Греков с тоской посмотрел по сторонам – везде одни машины. Запах бензиновых паров. Солнце. Духота. Тоска. В кабинете у следователя комфортней. И графин с водой на столе. А как хочется пить. Пить… Пытка бездействием и жаждой. Солнцем. Петров как будто нарочно все это подстроил! Пробку! Но это уж точно не в его власти. И ни в чьей. Это судьба. Судьба им сегодня сидеть в пробке.
– Не тяни. Я жду, – сказал Юрий.
– Хорошо. Я ушел вчера, так и не дождавшись окончательного результата экспертизы. Мне не хотелось видеть, как ее будут вскрывать. А Парамонов мне сейчас сказал… – Петров сделал паузу, – …что Нина была беременна.
– Что-о?! – Греков даже подпрыгнул.
– Нина была беременна!
Женщины сидели молча. Только что Антонине Дмитриевне звонил Петров. После этого она еще раз попыталась дозвониться Анатолию, но тот не отвечал. Он просто отключил мобильный телефон. Автобус почти не двигался, водитель откровенно скучал и развлекал себя музыкой, поймав молодежный канал. Женщины его не одергивали, хотя на весь автобус теперь раздавалась веселая песенка. Они стояли в мертвой пробке уже почти три часа. Антонина Дмитриевна молча вытирала струящиеся по лицу слезы. Даже Татьяна перестала язвить.

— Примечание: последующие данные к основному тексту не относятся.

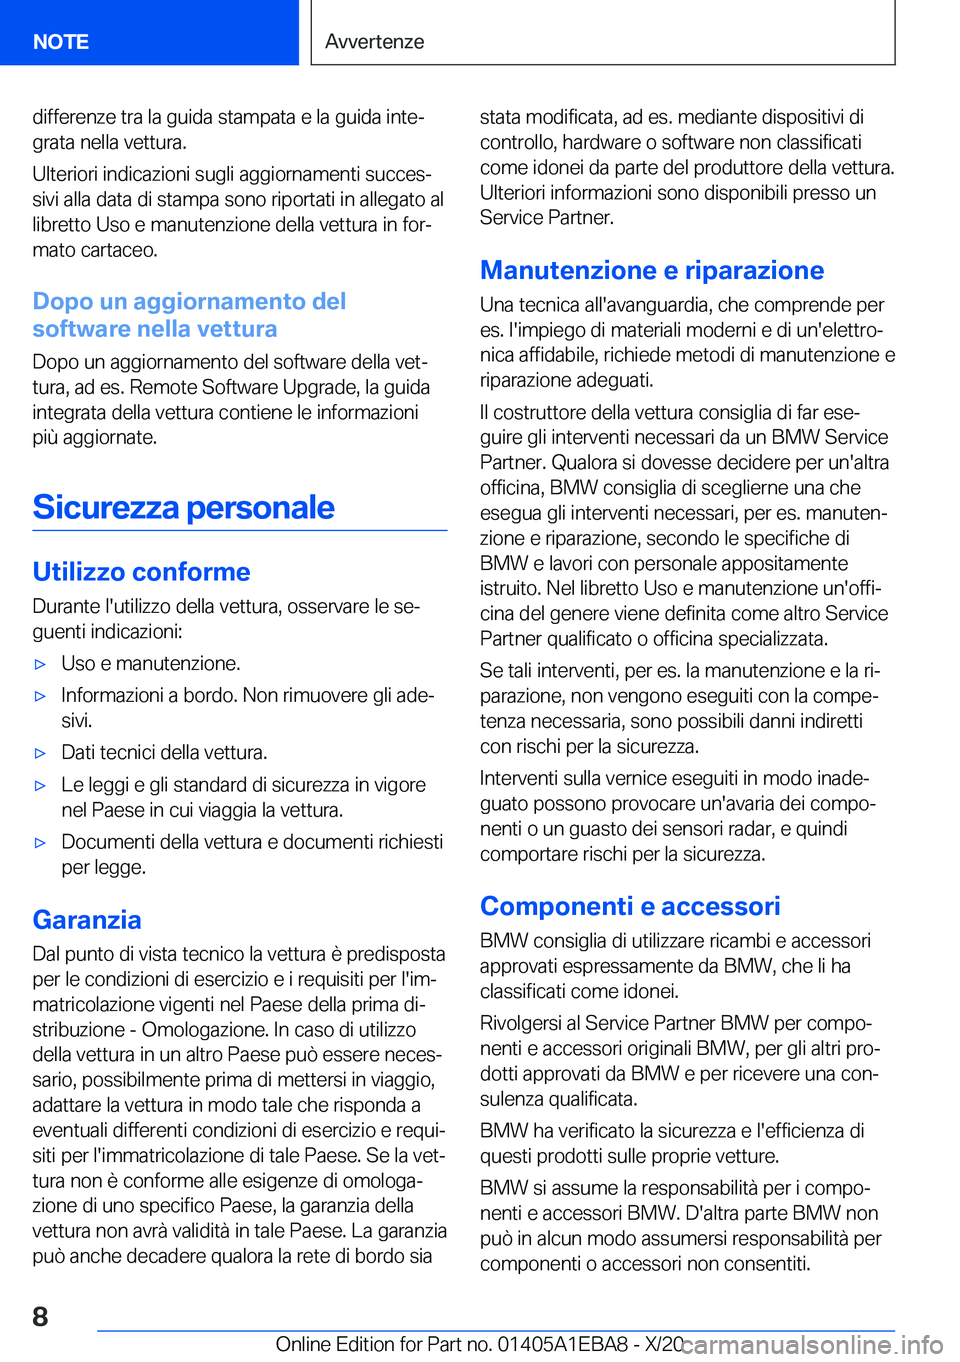 BMW 3 SERIES 2021  Libretti Di Uso E manutenzione (in Italian) �d�i�f�f�e�r�e�n�z�e��t�r�a��l�a��g�u�i�d�a��s�t�a�m�p�a�t�a��e��l�a��g�u�i�d�a��i�n�t�eª�g�r�a�t�a��n�e�l�l�a��v�e�t�t�u�r�a�.
�U�l�t�e�r�i�o�r�i��i�n�d�i�c�a�z�i�o�n�i��s�u�g�l�i��a�g

– Вот и похоронили мы нашу Нину, – вздохнула Таисия Максимовна.
– И само собой все разрешилось, – добавила Инна.
– Что ты имеешь в виду? – удивленно посмотрела на нее Татьяна. – Что разрешилось? Все только еще начинается!
– Я имею в виду для нее, – оправдываясь, сказала Инна.

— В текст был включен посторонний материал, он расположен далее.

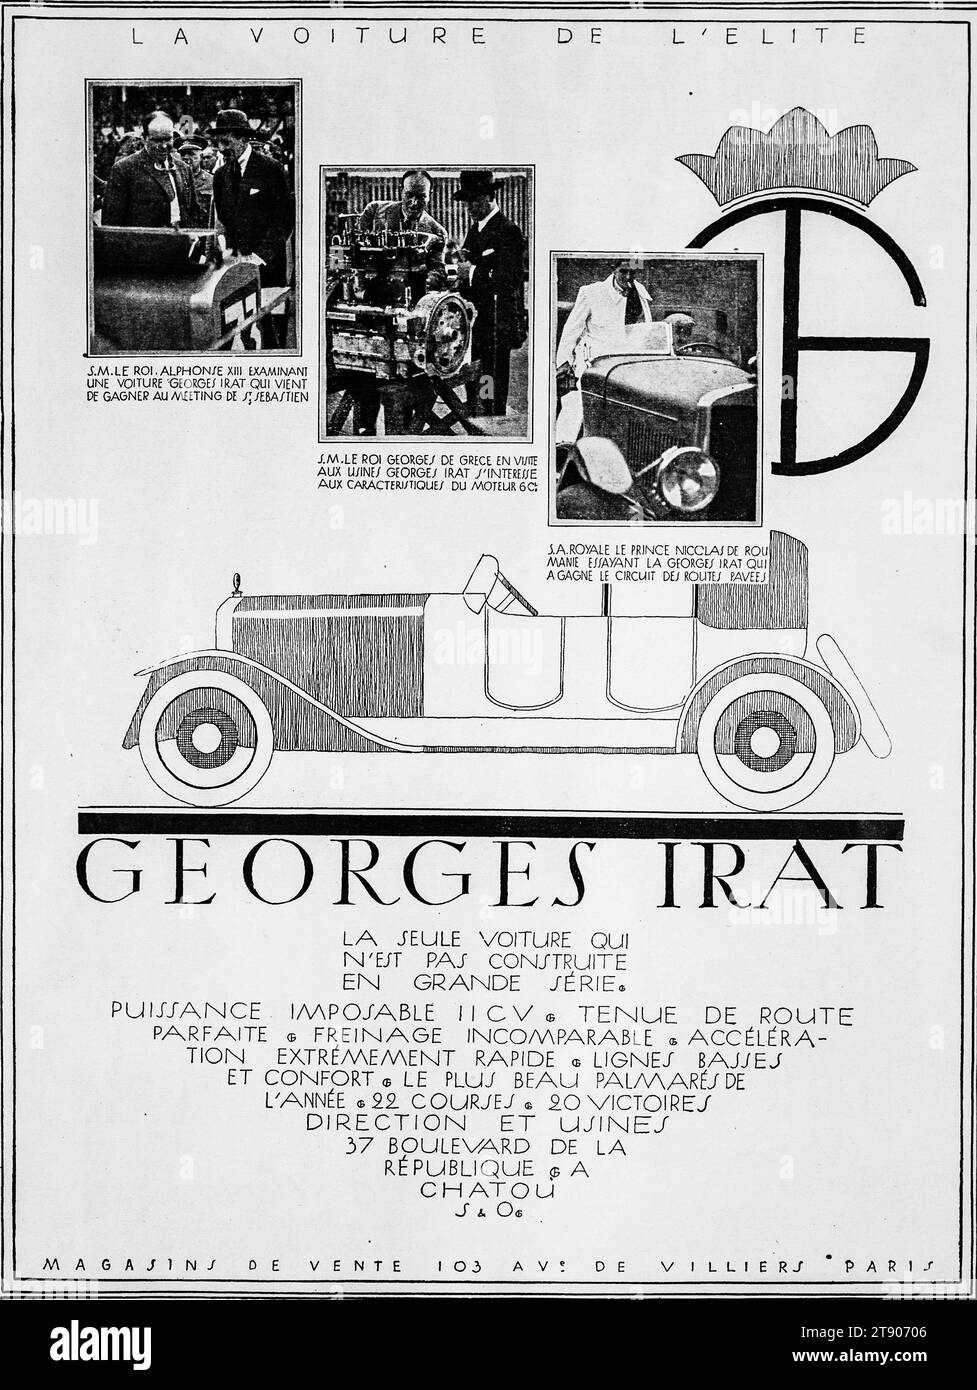 Eine Werbung aus den 1920er Jahren für das Elite-Automobil Georges Irat mit Schwarz-weiß-Bildern und Illustrationen. Stockfoto

– А разве у нее были проблемы? Писательница, денег полно.
– Детей она не могла завести, – тихо сказала Галя. – А ты говоришь: не было проблем.
– Вот ведь как бывает, – вздохнула Татьяна. – Что-то Бог дал, а что-то взял. Вот, к примеру, наша Нина – талант. Книжки писала, как оказалось. А детей иметь не могла, потому что болела по женской части. Бесплодная.
– Это неправда. Все с ней было в порядке, – сказала вдруг Инна.
– Что? – вскинулась Татьяна. – Что ты сказала?
– Нина могла иметь детей. Она была… она была беременна. Когда… когда умерла. На третьем месяце.
– Совсем девка с ума сошла, – покачала головой Татьяна. – Ну ты-то откуда знаешь? Вы даже вместе не работали! Она с тобой почти не общалась! И вдруг разоткровенничалась! Да с какой стати?
– Никто со мной не откровенничал, – покраснев, сказала Инна.
– Тогда откуда ты знаешь, что она была беременна?
– Мама сказала.
– А мама твоя откуда знает?
Инна молчала. Киска не выдержала:
– Начала, так договаривай!
– Это врачебная тайна, – сказала Инна.
– Значит, мои тайны можно выведывать! – возмутилась Киска. – Меня, между прочим, заставили! Мне, что ли, хотелось про Толика рассказывать? А из меня все вытрясли!
И она зло посмотрела на Татьяну. Та встрепенулась:
– Да, Инна. Раз уж мы начали откровенничать, придется и тебе все рассказать.
Инна посмотрела на Таисию Максимовну, словно ожидая от нее поддержки.
– Инночка, – сказала та, указательным пальцем поправив очки, – поскольку Нины больше нет, я думаю, о ее тайне ты можешь рассказать.
– Хорошо. Раз и вы этого хотите, я расскажу.
Киска и Милочка вытянули шеи, Галя придвинулась поближе, и даже Антонина Дмитриевна перестала всхлипывать.
– Моя мама работает медсестрой в частной гинекологической клинике на Ленинском проспекте. Клиника эта дорогая, и туда приходят только обеспеченные женщины. Естественно, они хотят полной конфиденциальности. Мама иногда рассказывает мне о своих пациентках, вроде как в назидание – как не надо поступать, о том, что с мужчинами надо быть осторожной, какие неприятности случаются с женщинами, которые… – Инна залилась краской и не закончила фразу. – Обычно это происходит вечером, за ужином. Однажды она пришла с работы расстроенная. Было это с месяц назад. И рассказала мне, что пришла к ним женщина тридцати семи лет, первая беременность, а она собралась аборт делать.